В энтузиастах, конечно, что-то есть, но обычно оно так глубоко
задвинуто, что, когда энтузиазм иссякает, – битьё головой о стену,
как бы не любил его энтузиаст, имеет свои пределы, – человек впадает
в уныние или депрессию, настолько же сильную, насколько был сильным
раньше его энтузиазм; но к этому времени обычно иссякает и память.

Способов защиты много, я, например, как всякий нормальный человек,
нажил свою защиту – сочетание туповатости, заторможенности и трусости
(сейчас определяют короче – «тормоз»), тоже неплохой защитный
панцирь, худо-бедно прослуживший мне много лет.

Однако туповатость, сама того не желая, заставила меня постепенно
отказаться от большинства представлений, на которых формировалось
моё самовосприятие, – тупому ведь не положено быть изощрённым
в понимании; когда развалилось моё «я», оказалось, что это совсем
не страшно, более того, даже интересно (как сейчас говорят, «прикольно»),
мне всё больше и больше становится интереснее жить.
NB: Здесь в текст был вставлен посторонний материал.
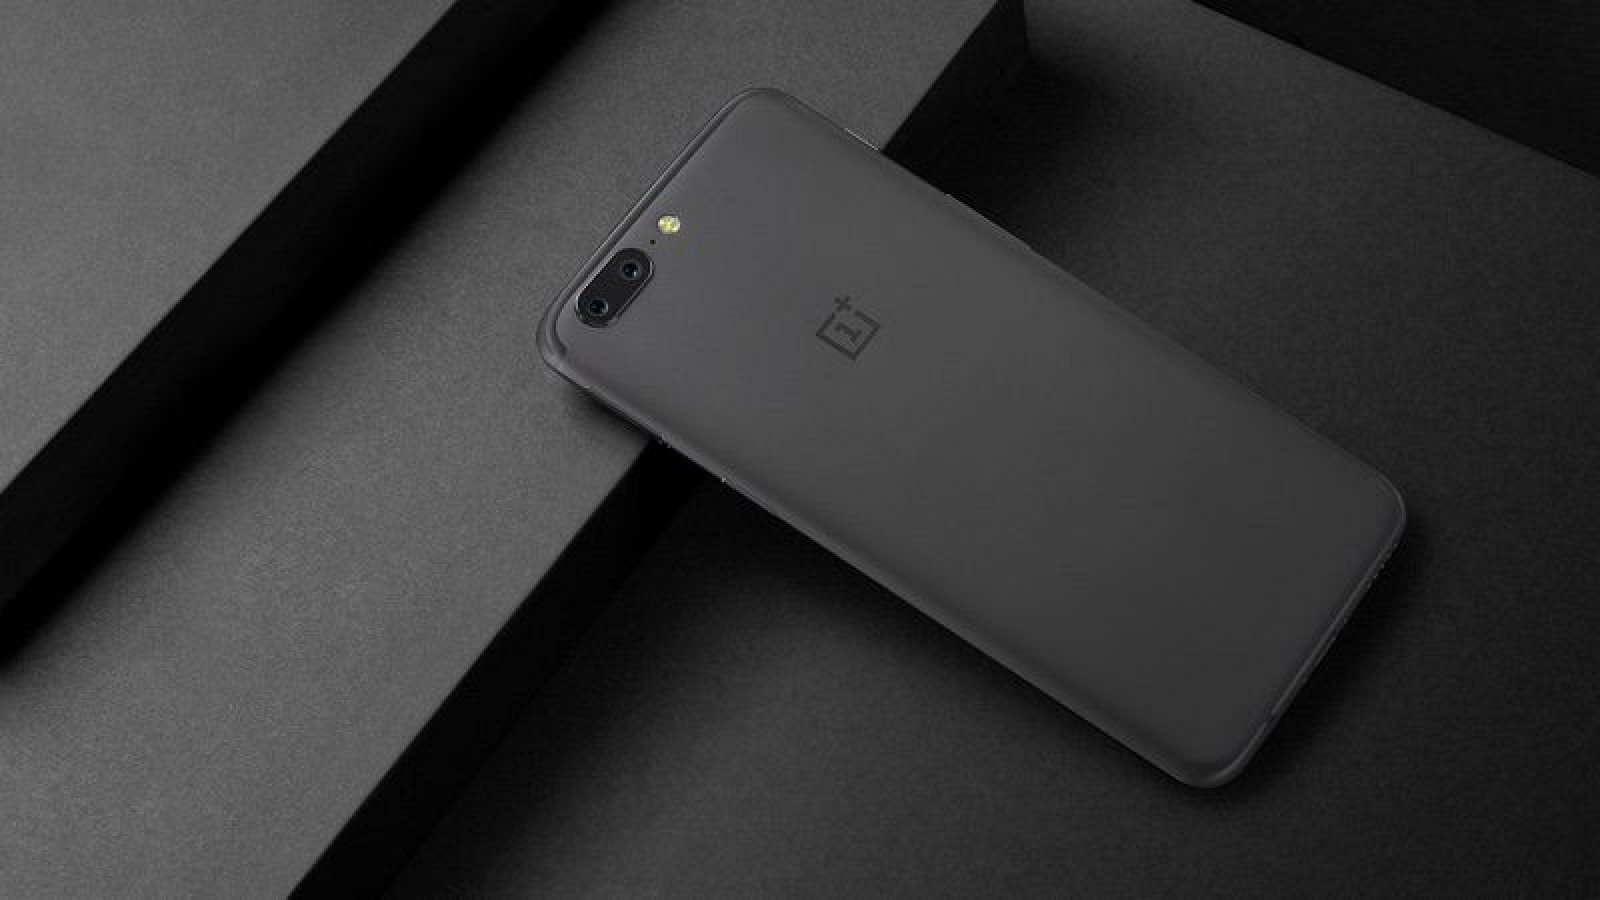 photo of OnePlus Mocks Removal of Headphone Jack in iPhone 7 While Copying its Design for New OnePlus 5 image

Но жить, конечно, лишь в некоторых её модусах; как доктор Хауз
оживает во время разгадки ребуса симптомов, я оживал при возникновении
новых связей мысли и относящихся к ним впечатлений. Мне их не
на что было в себе нанизывать, ведь моё «я» не имело стержня –
зацикленности на самого себя как такого-то и такого-то (я во многом
уже никто), так что мысли вступали во взаимодействие сами с собой
и выстраивались в новые для меня сочетания, и это меня развлекало.
Мне повезло, при таких наклонностях из меня бы вышел прекрасный
наркоман.

Как видите, «я», которое не воспринимает себя как нечто ценное
и важное, вполне может обойтись без защищающих его панцирей. Но
моей заслуги в этом нет: что-то другое, живое и сильное, никак
не хочет умирать во мне и постоянно подталкивает меня; но что
это?

Это точно не стремление к захвату и защите территории и пропитания,
не стремление к размножению и гнездованию, не стремление к социальному
и личному статусу и пр., нет, у меня ничего нет и поэтому никому
до меня нет дела, и мне это нравится.

Во многих древних культурах человек моего возраста (мне за 50)
не отбивал место, а готовился к уходу, не по причине невозможности
быть полезным семье и роду, а из-за стремления быть способным
к достойному (не в современном смысле) уходу.

Я долго всматривался в эту силу, и, по мере освобождения от омертвевших
представлений, я стал ощущать её как стремление быть живым.

Я спрашиваю сам себя: разве моя жизнь и это стремление быть живым
не одно и тоже? И отвечаю: нет, моя жизнь – это не та жизнь, знание
или даже реальный опыт которой во мне уже есть и постоянно подталкивает
меня в направлении действительно живого.

Что же такое моя жизнь? И вот тут я начинаю понимать, что воспринимаю
жизнь как свойство некоторых тел двигаться, спать, разговаривать
и пр., и это совершенно не то, что живёт во мне; для туповатого
и трусливого человека жизнь – это действительно есть, спать и
двигаться, но для внутреннего, «сокровенного», как любят говорить
теологи, во мне человека это не жизнь, а царство князя мира сего,
тлен и прах, мерзость запустения. Значит, жизнь это нечто другое,
но что?

Меня уже не интересуют определения, понятия и пр., меня интересует
только живое переживание, и я начинаю вглядываться в лохмотья
своего «я» в надежде отследить в его дырах настоящую, действительную
жизнь. Ни одна система понятий, какой бы стройной она ни была,
не может заменить мне отблеска действительной жизни… И вот, разглядывая
лежащий на столе нож, я вспоминаю, как много лет назад я стою
у больницы и гляжу в окно второго этажа, в котором моя мама смотрит
на меня… Во мне что-то освобождается, и меня захлёстывает такое
сильное состояние любви и боли, что я полностью растворяюсь в
нём, исчезает всё: время, пространство, тело, мысли, остаётся
только бесконечная любовь и невыносимая боль.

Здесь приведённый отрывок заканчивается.